Our dearest faith; our ghastliest doubt;
He, They, One, All; within, without;
The Power in darkness whom we guess."

More intimate spiritual convictions may in former times have possessed individual souls, but there never was a time when the invisible world occupied the thoughts and mingled itself with the daily interests of so large a mass of men as now. When another world was, to living and

dead alike, a future world, was relegated in universal opinion to a period beyond the undated sleep of the grave, men believed in it with less difficulty, and lived less concerned by it. Now there are a mass of minds who cannot conceive it as merely future; it is another coexistent world, occupied by the same vital interests as our own, and separated from us by a veil at once thin and impenetrable. And with the growing sense of its closeness and its importance have grown the eagerness of our questionings, the impatience of our uncertainties, the bold and face-to-face grappling of our doubts. Every now and then a new medicine is discovered; it is a specific; we indulge the hope that a disease is destroyed; and for a time it seems to work cures proportioned to its reputation. But before long there comes a reaction; it is found to fail; it seems to lose its virtue, even to become powerless, and falls into utter disrepute.
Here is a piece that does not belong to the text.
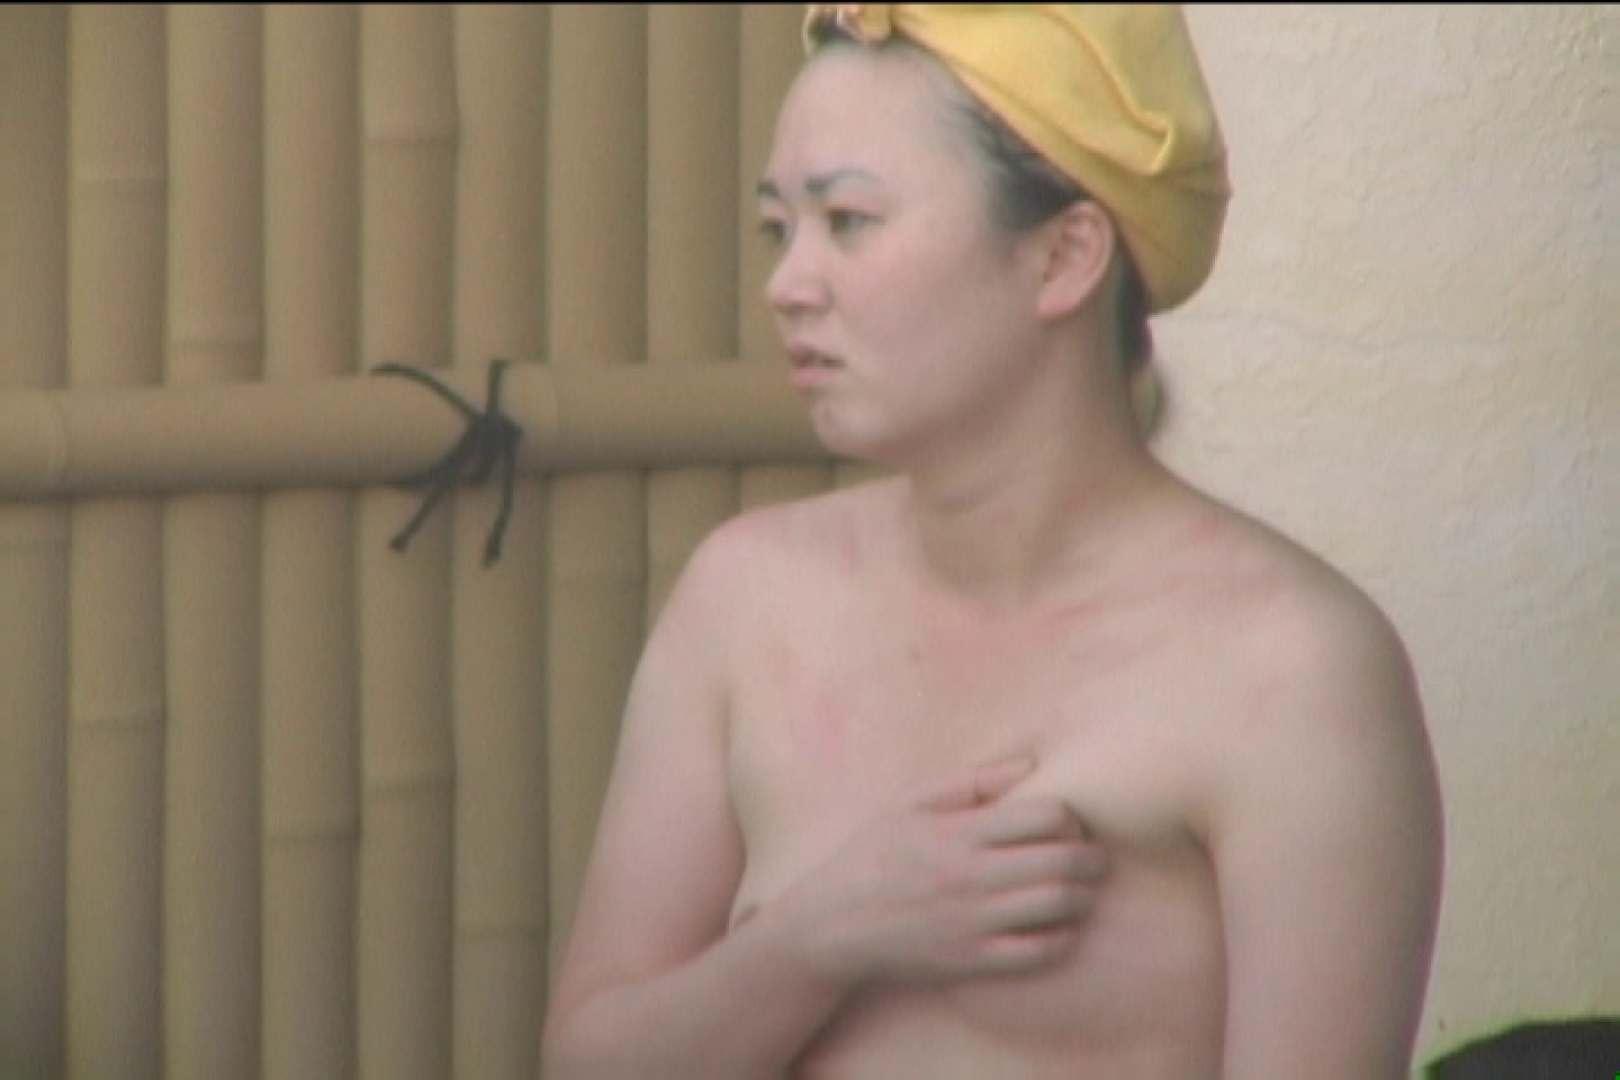 高画質露天女風呂観察 vol.018 女風呂 えろ無修正画像 104pic 97
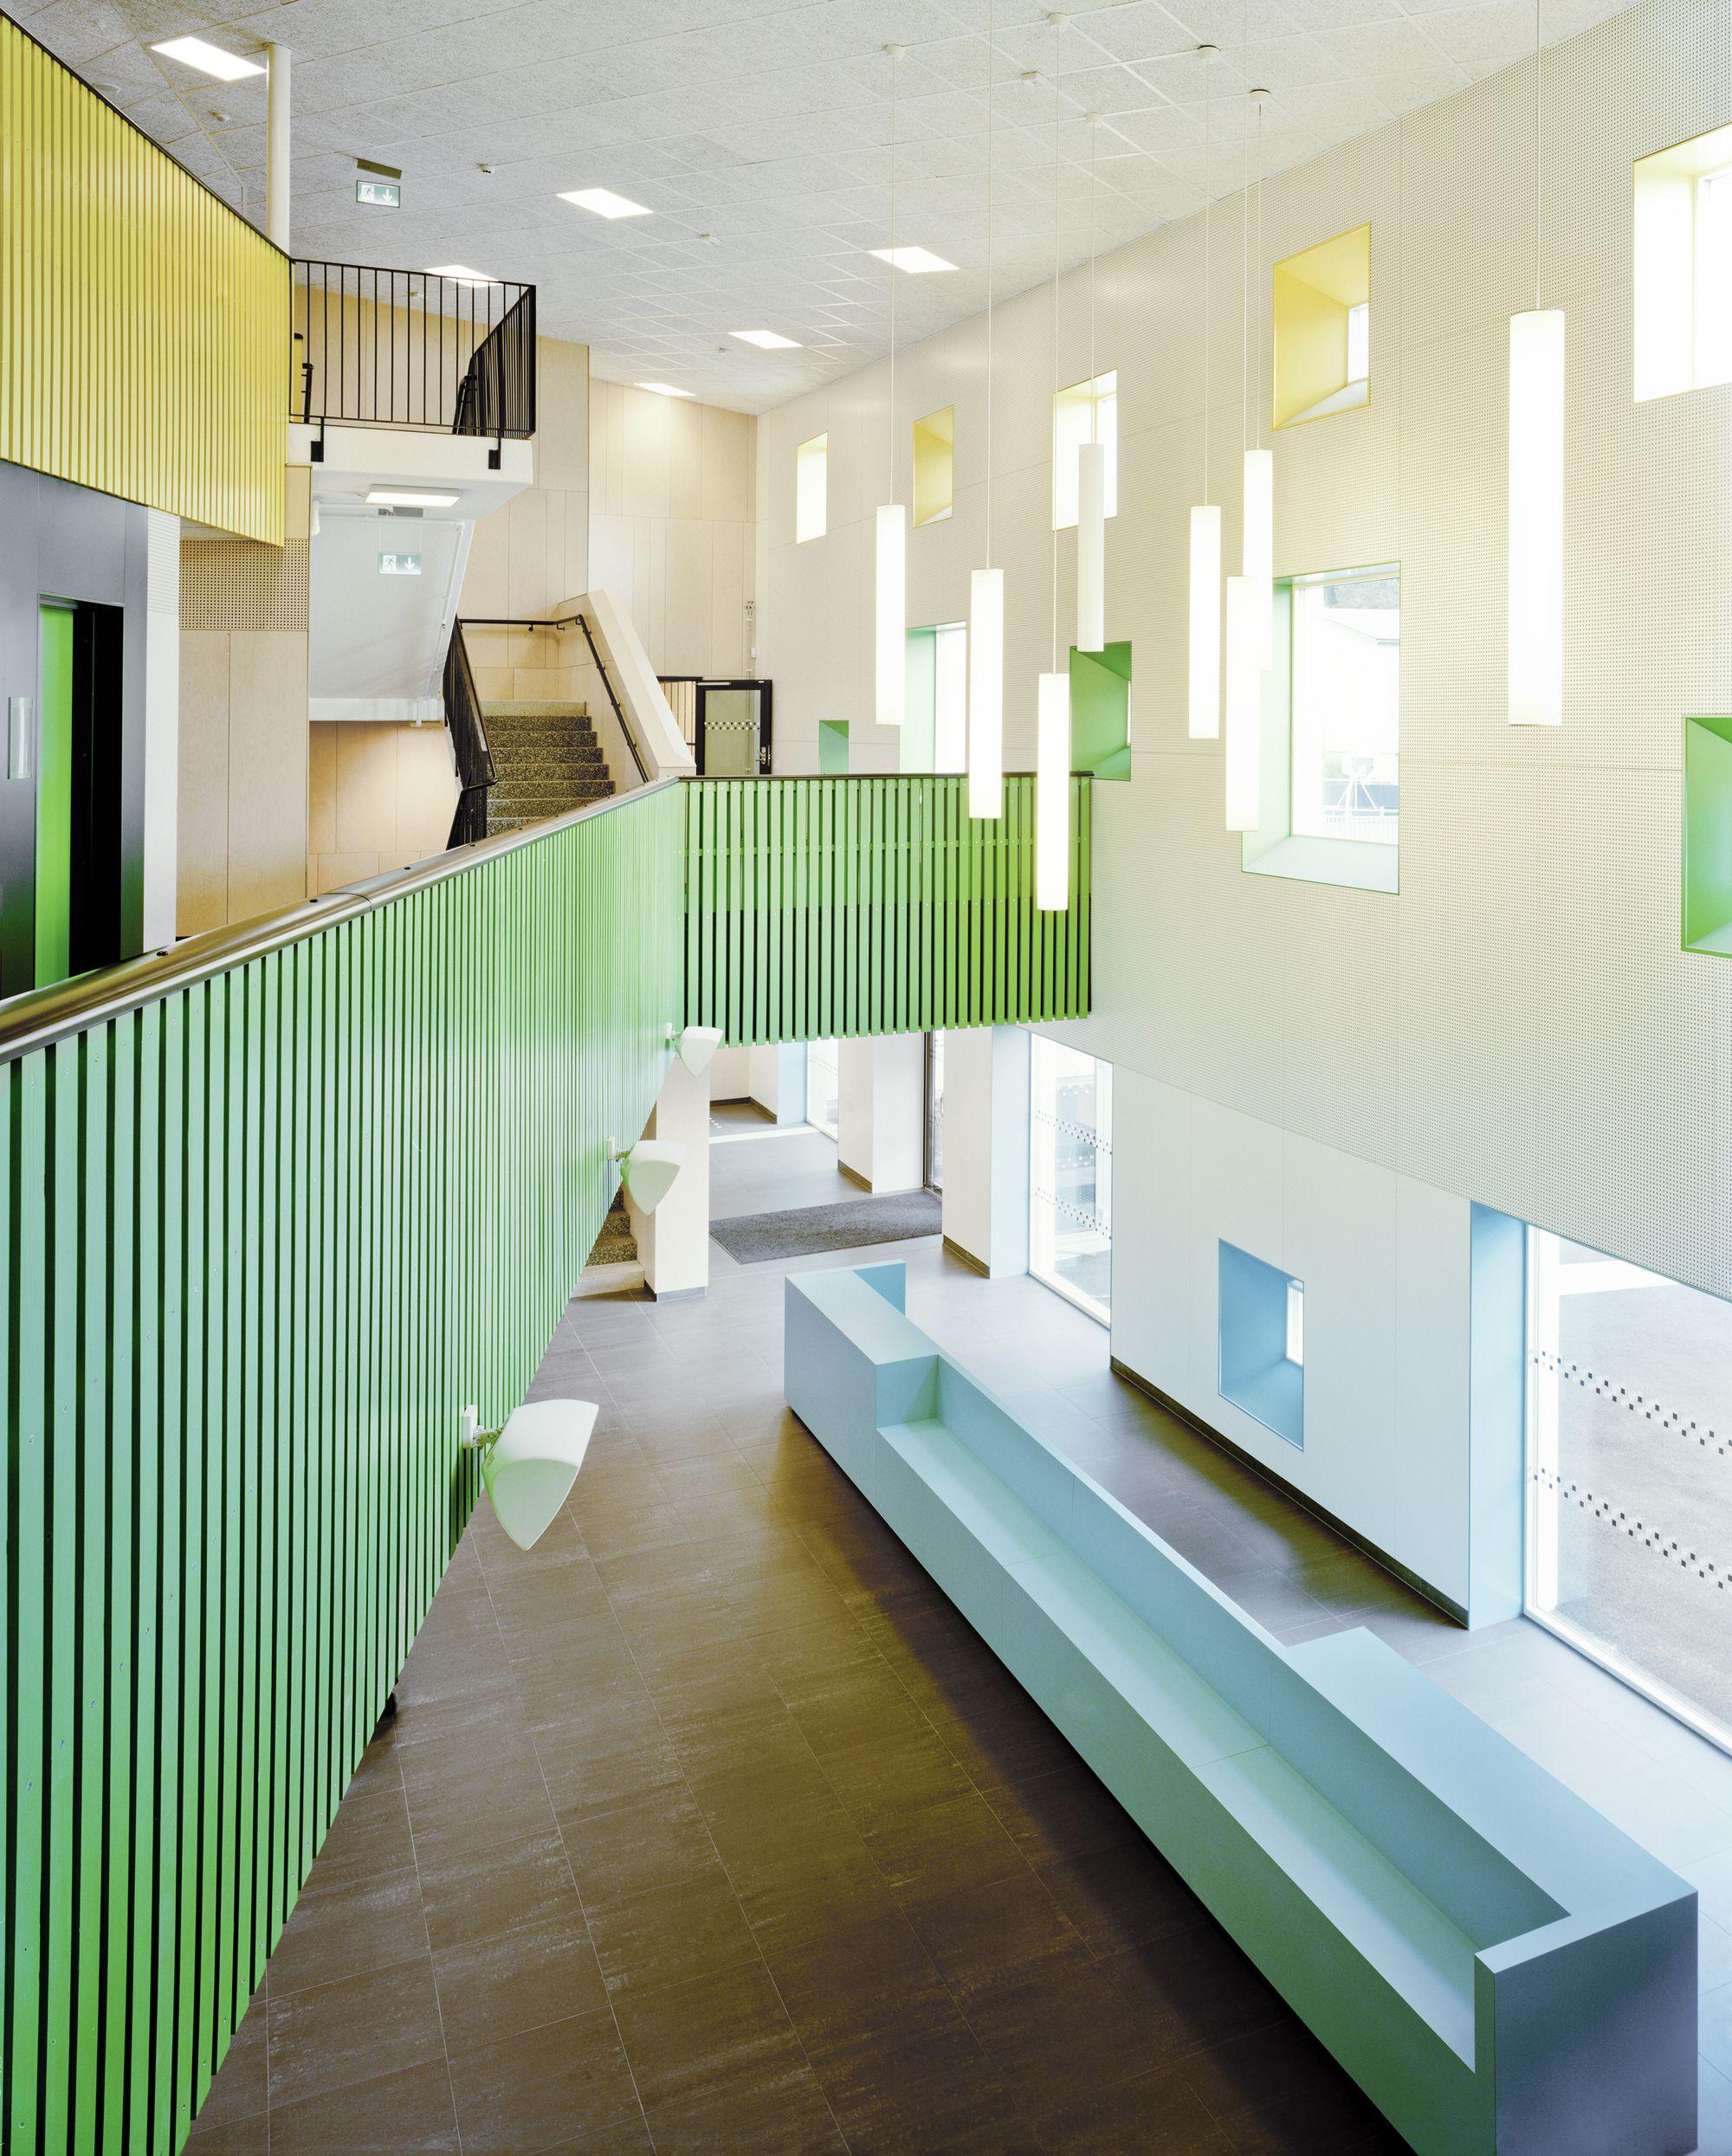 School Interior Design: Gallery Of Kollaskolan School / Kjellgren Kaminsky

And so how many books have been written to prove that which men most desire to believe, how eagerly have they been welcomed, how wilfully believed! how have thousands rested on them, who never read them, through their faith in those who have been truly convinced by them! Then, as the number spreads of those who judge for themselves, there are seen some who find they do not touch their symptoms. The rumour spreads that they are not infallible, and the gloom is proportioned to the over-confident hope. How many hands have been pierced by leaning on Paley's Theology! And it is the same of those who strive to disprove. How many a desperate charge has flattered itself it should cut through to the very standard of faith, and rushed on to be broken like breaking water, yet leaving terrible memorials of its power! Backwards and forwards rolls the tide of battle, and in proportion as the infantry of Trust wins its slow and painful steps forward, the more desperate and overwhelming seem the onslaughts of the enemy.